We do not sell, rent, or trade your personal information. We share data only in the following circumstances:

• Service providers. Cloud infrastructure (Google Cloud Platform), CDN / DNS / analytics (Cloudflare), transactional email (Resend / AWS SES). All providers are bound by data-processing agreements.
• Meeting platforms. When you connect Zoom, Teams, or Meet, the platform sends us participant metadata via webhooks; we send enforcement actions back via their API. We do not share your Ratify data with meeting platforms beyond what is necessary for enforcement.
• Legal requirements. We may disclose data when required by law, court order, or governmental regulation. We will notify you of such requests unless legally prohibited.
• Business transfers. In the event of a merger, acquisition, or sale of assets, your data may be transferred as part of the transaction. We will notify you.

7. Your Rights

Depending on your jurisdiction, you may have the right to (a) access your personal data; (b) correct inaccurate data; (c) request deletion of your data (subject to legal hold and sole-owner restrictions); (d) export your data in a machine-readable format; (e) object to processing of your data; (f) withdraw consent where processing is based on consent; and (g) lodge a complaint with a supervisory authority. To exercise these rights, email privacy@identities.ai. We respond within 30 days.

8. GDPR Compliance

For users in the European Economic Area, our legal basis for processing is (a) contract performance (providing the Service), (b) legitimate interest (security, abuse prevention, audit trails), and (c) legal obligation (regulatory compliance). The hash chain in our audit trail is designed for GDPR compatibility: PII is excluded from the chain payload, so pseudonymization and right-to-erasure can be exercised without breaking audit integrity. Data transfers outside the EEA are governed by Standard Contractual Clauses with our infrastructure providers. Verify Trust offers contractual data-residency commitments (US, EU, Switzerland); Verify Sovereign keeps all data inside the customer’s own jurisdiction.

9. CCPA Compliance

For California residents: we do not sell personal information and do not use personal information for cross-context behavioral advertising. You have the right to know what personal information we collect, request deletion, and opt out of any future sale (which we do not engage in). To exercise these rights, email privacy@identities.ai.

10. Children’s Privacy

The Service is not directed to individuals under 16. We do not knowingly collect personal information from children. If we learn that we have, we will delete it promptly.

11. Cookies and Tracking

The Ratify Verify console (ratify.identities.ai) uses HttpOnly cookies for session tokens and a readable CSRF cookie for request protection. We do not use tracking cookies, advertising pixels, or third-party analytics scripts in the admin console.

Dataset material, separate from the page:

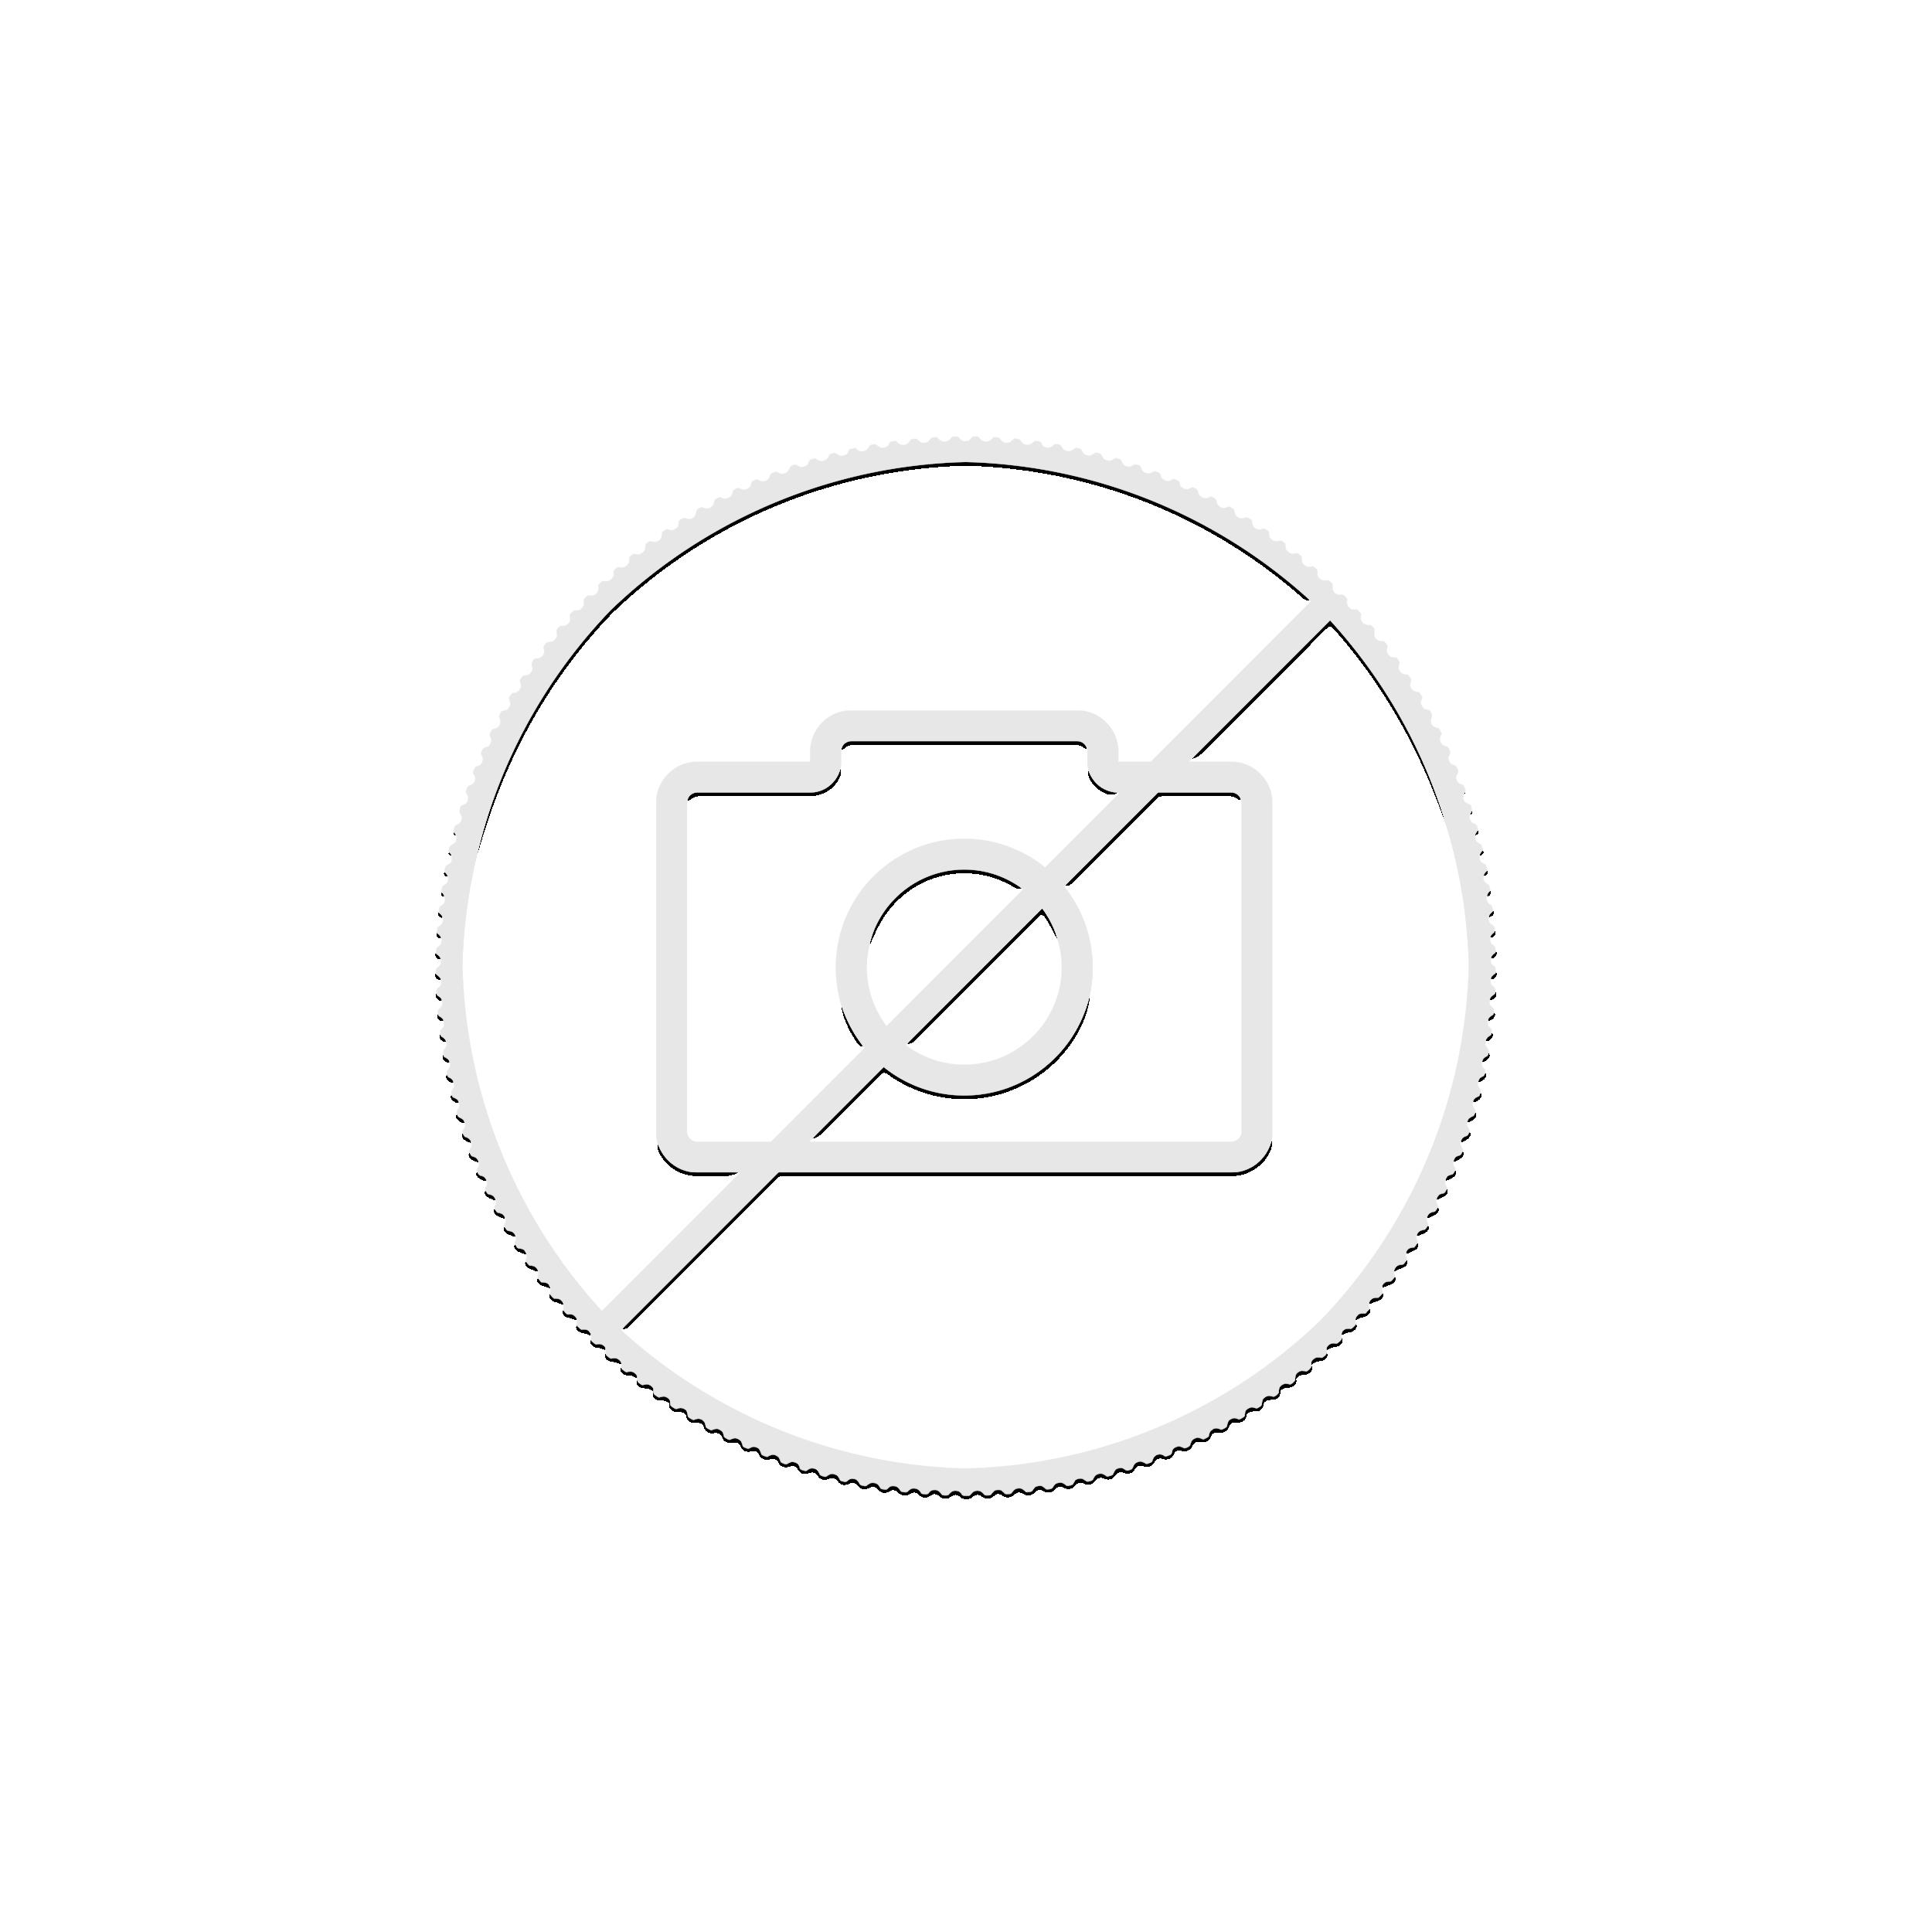 Birhstone Swarovski munt November 2020

The marketing site (identities.ai) uses Cloudflare Web Analytics, which is cookieless and does not track individual users.

12. Changes to This Policy

We may update this Privacy Policy from time to time. Material changes are communicated via email at least 30 days before they take effect. The “Last updated” date at the top of this policy reflects the most recent revision.

13. Contact

Privacy: privacy@identities.ai
Security: security@identities.ai
Identities AI, Inc. · Seattle, Washington, United States.